Required work:
Write out the records again exactly and exclude the pictures.

(Records from a data collection)
......
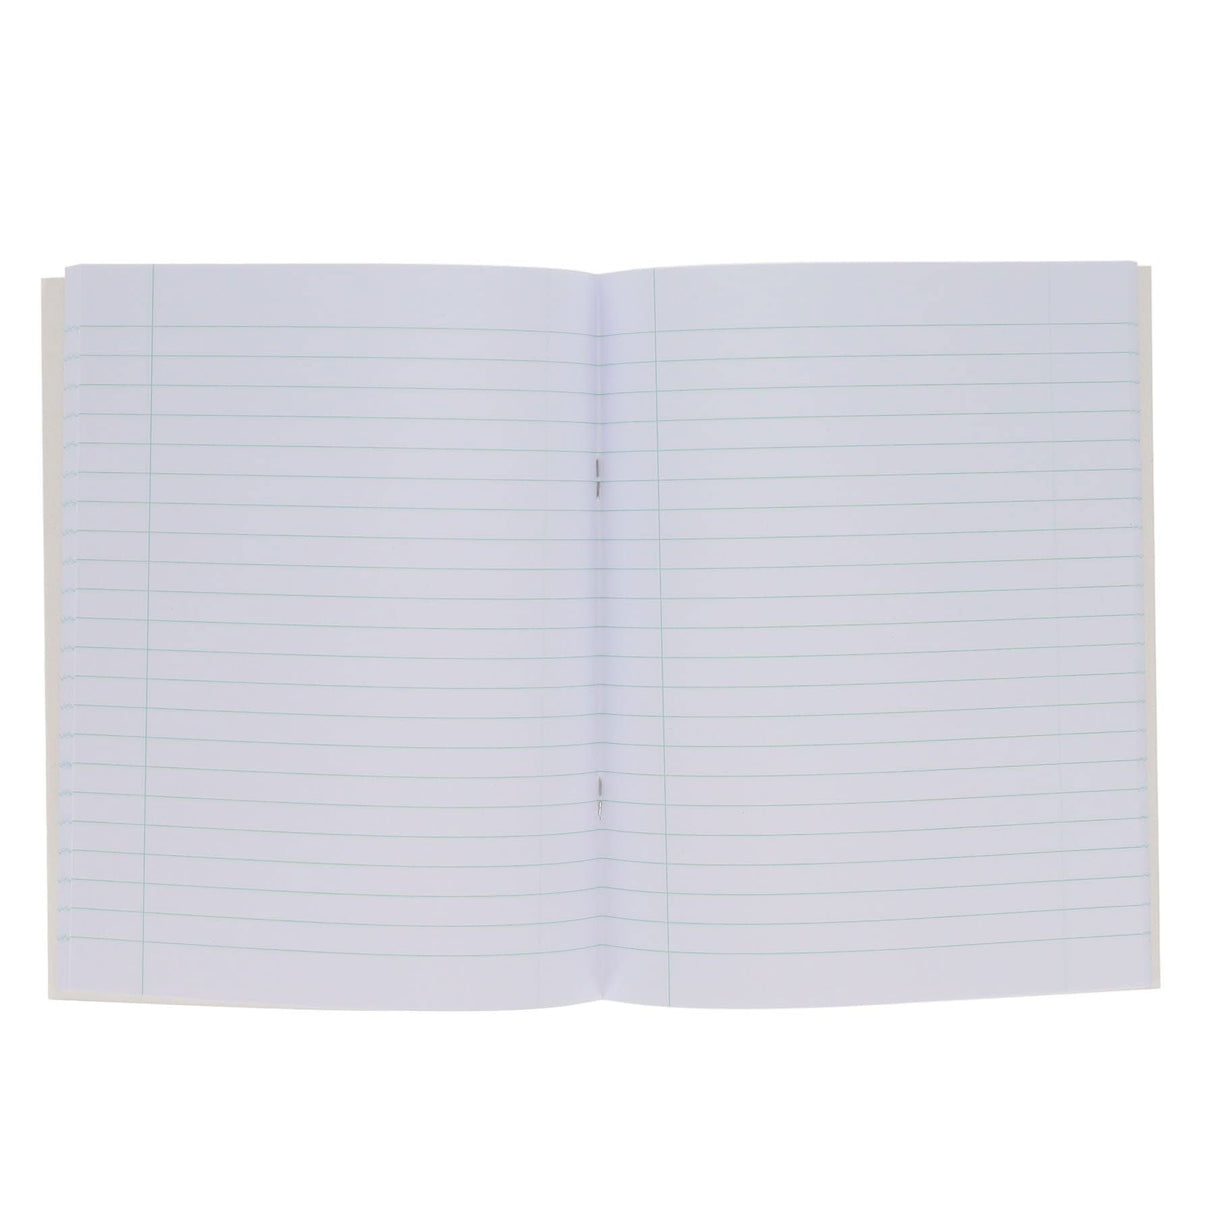 Ormond Multipack | A11 Exercise Book - Margin Ruled - 88 Pages - Pack of 10-Exercise Books-Ormond|StationeryShop.co.uk
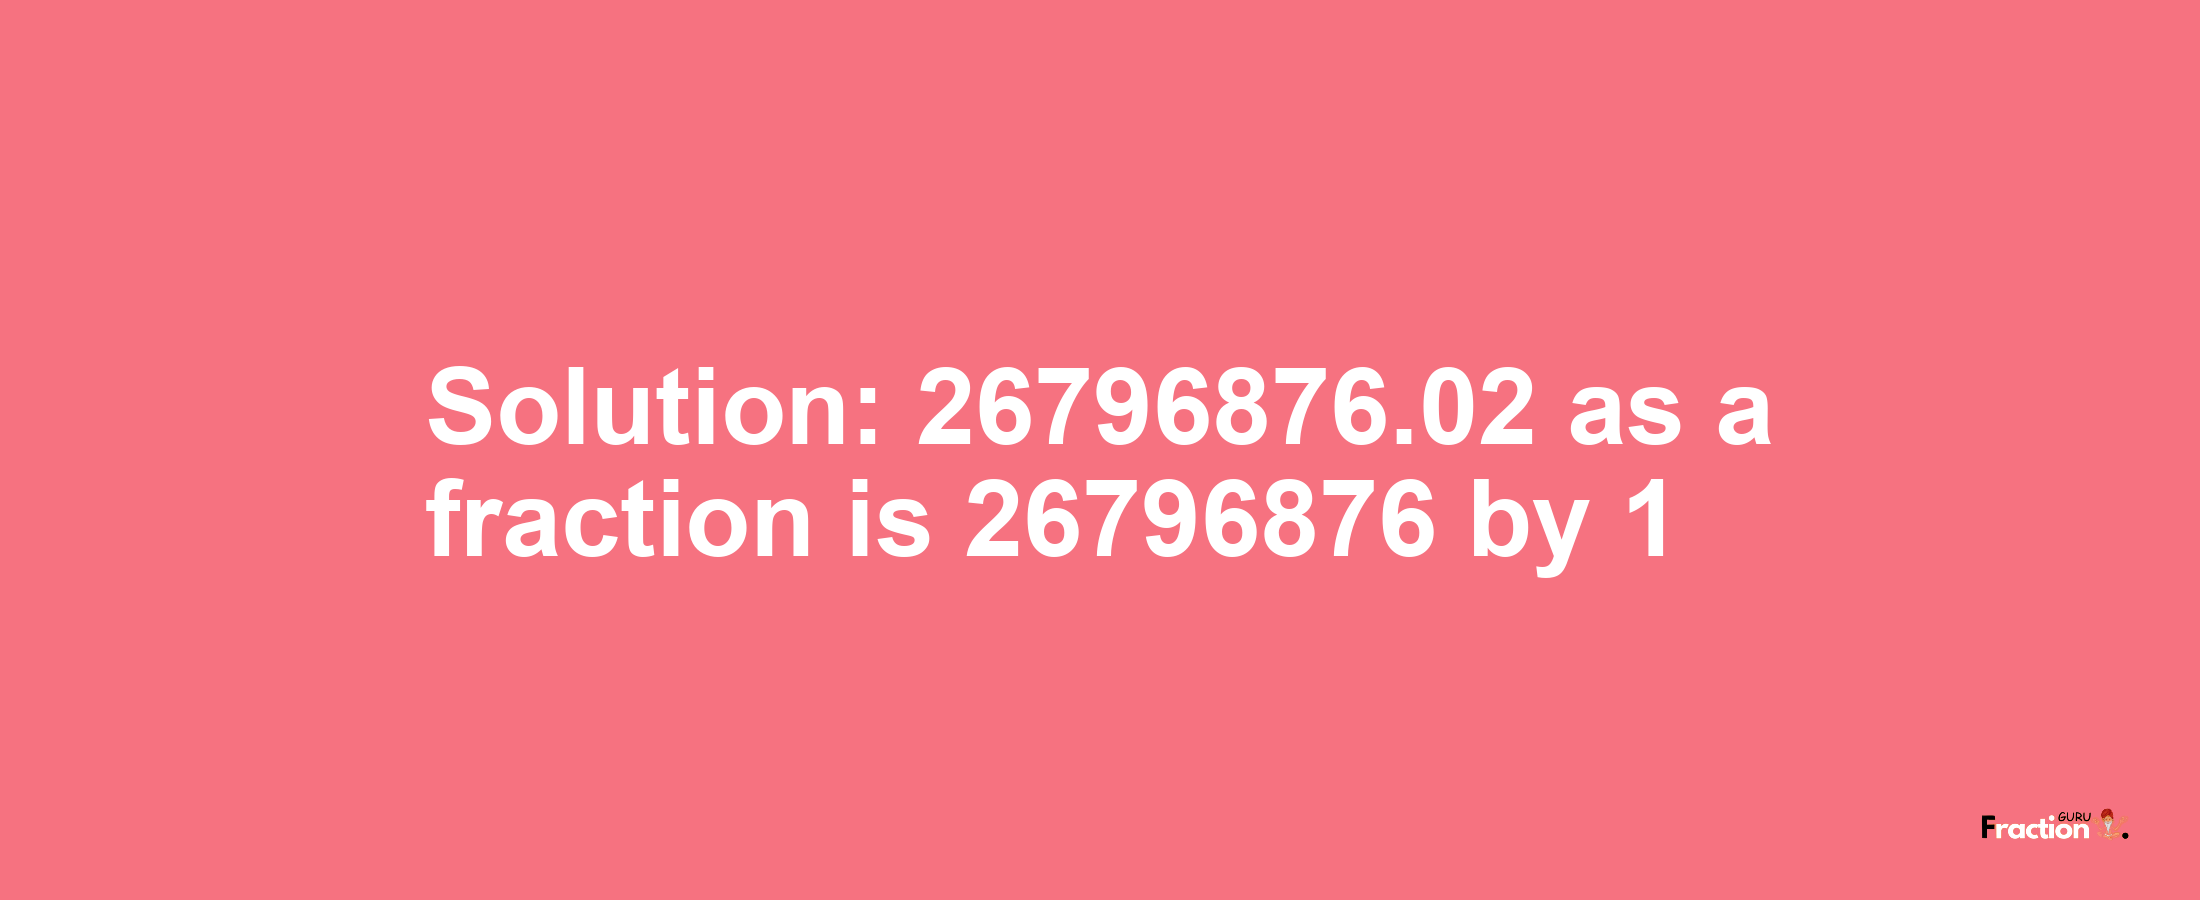 Solution:26796876.02 as a fraction is 26796876/1
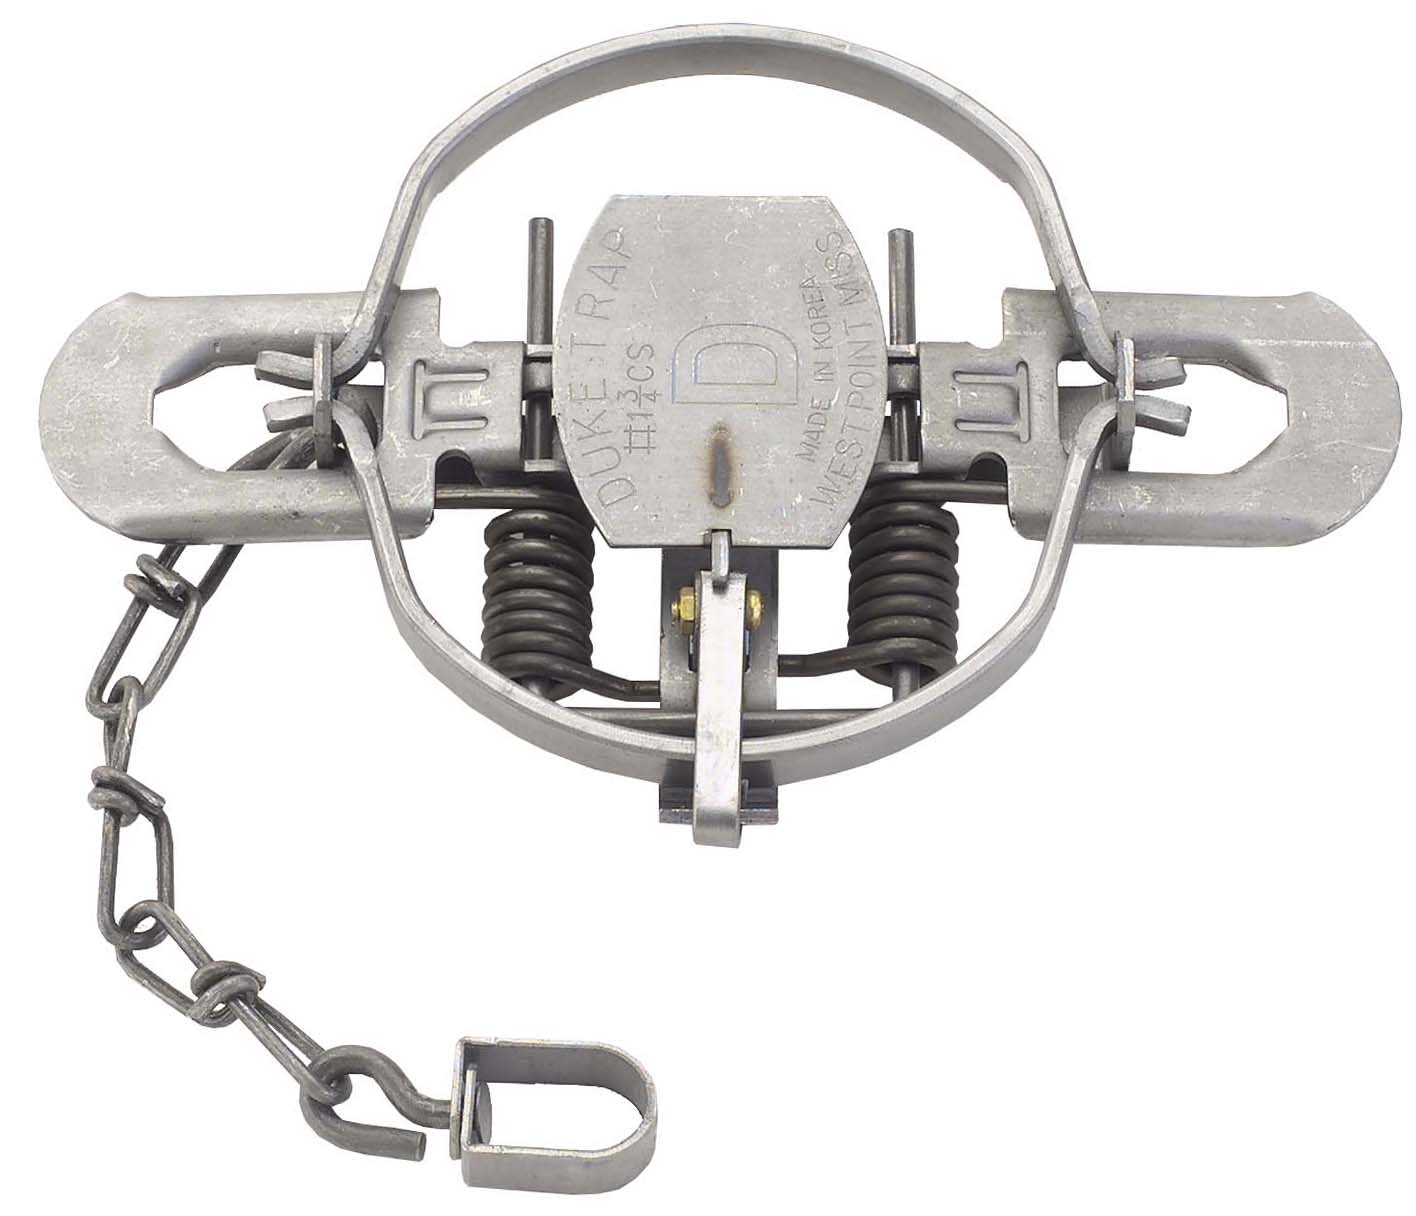 3 DUKE COIL SPRING TRAP OFFSET JAW NO 
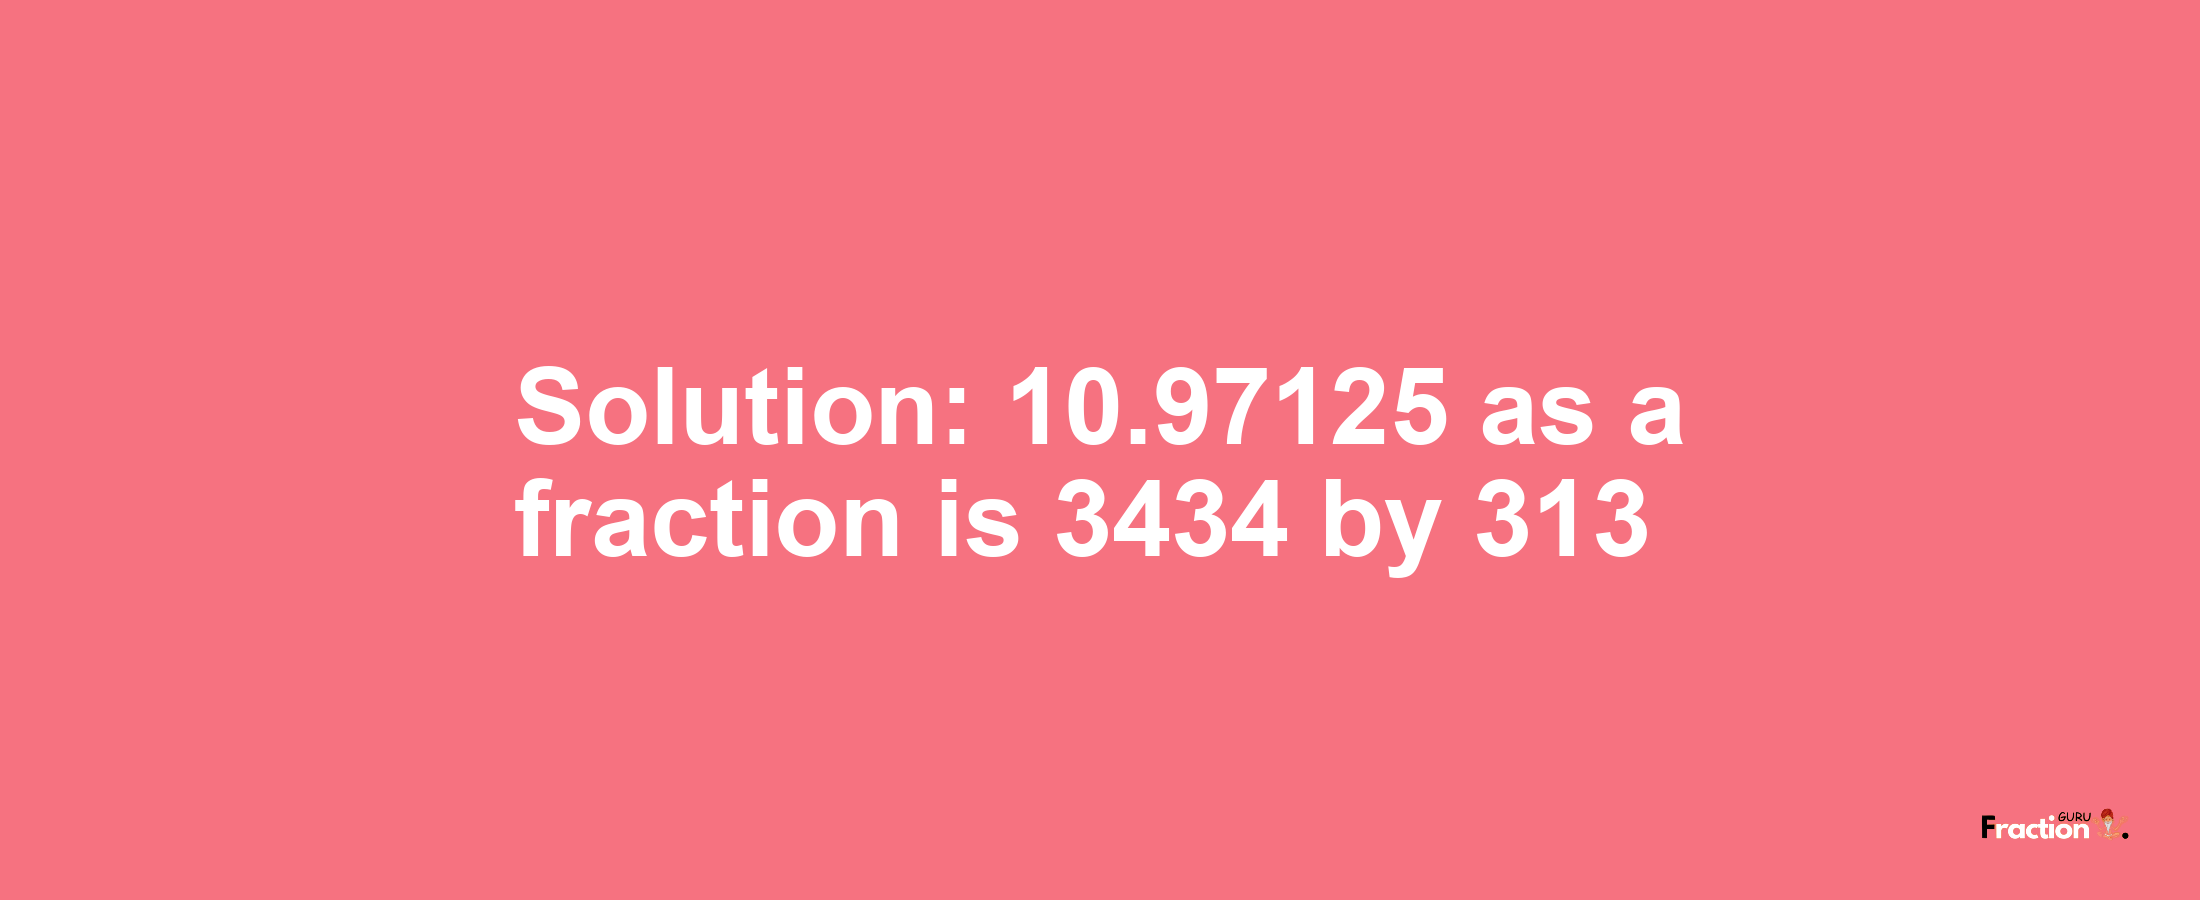 Solution:10.97125 as a fraction is 3434/313
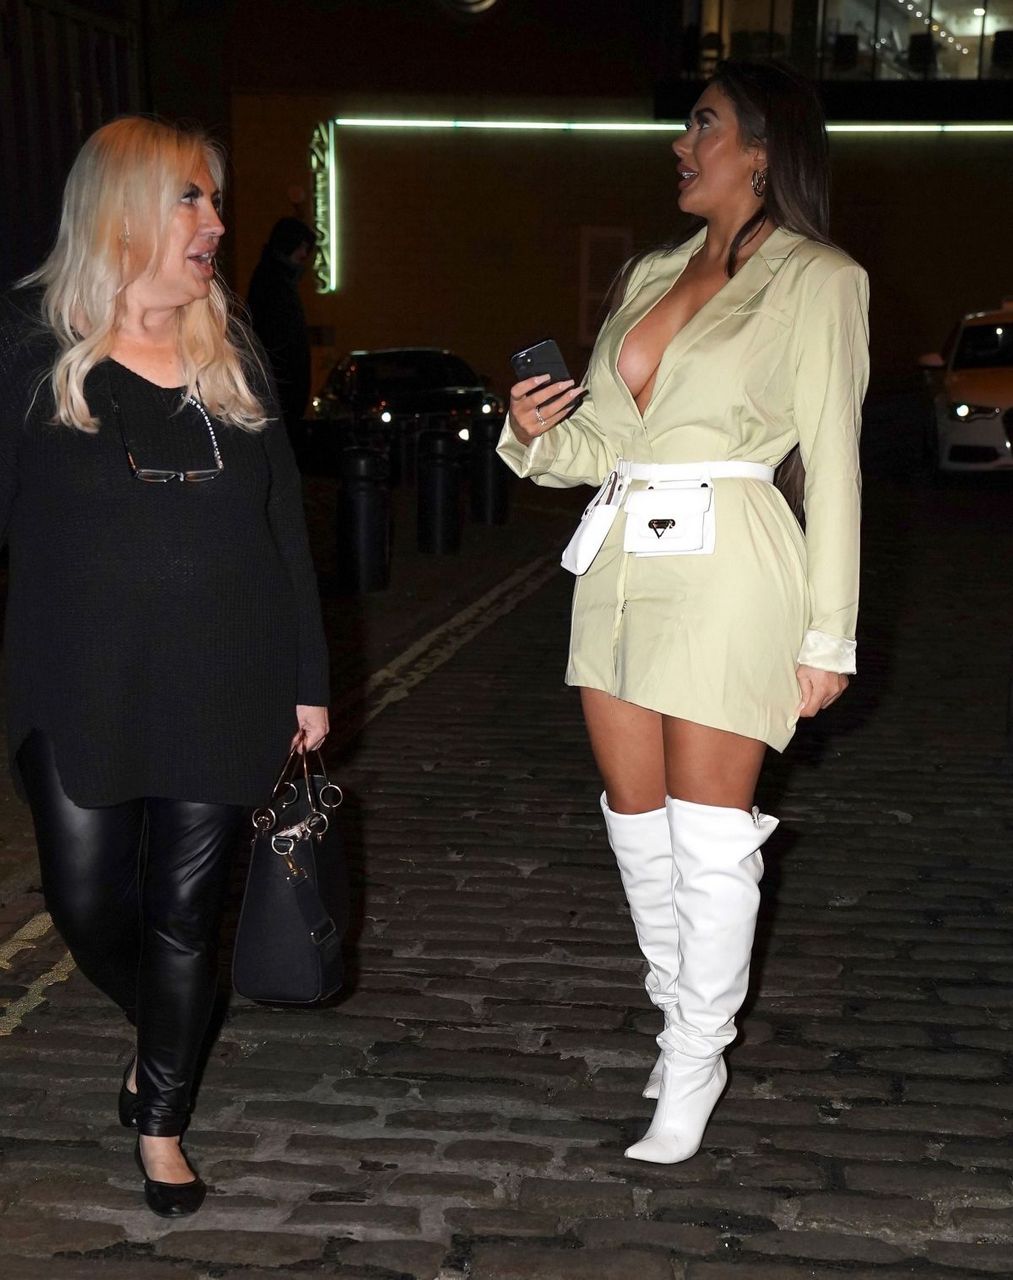 Chloe Ferry Out With Her Family For Dinner Rio Brazilian Steak House Newcastle
......
Finished task:
 Ormond Multipack | A11 Exercise Book - Margin Ruled - 88 Pages - Pack of 10-Exercise Books-Ormond|StationeryShop.co.uk
 Solution:26796876.02 as a fraction is 26796876/1
 3 DUKE COIL SPRING TRAP OFFSET JAW NO 
 Solution:10.97125 as a fraction is 3434/313
 Chloe Ferry Out With Her Family For Dinner Rio Brazilian Steak House Newcastle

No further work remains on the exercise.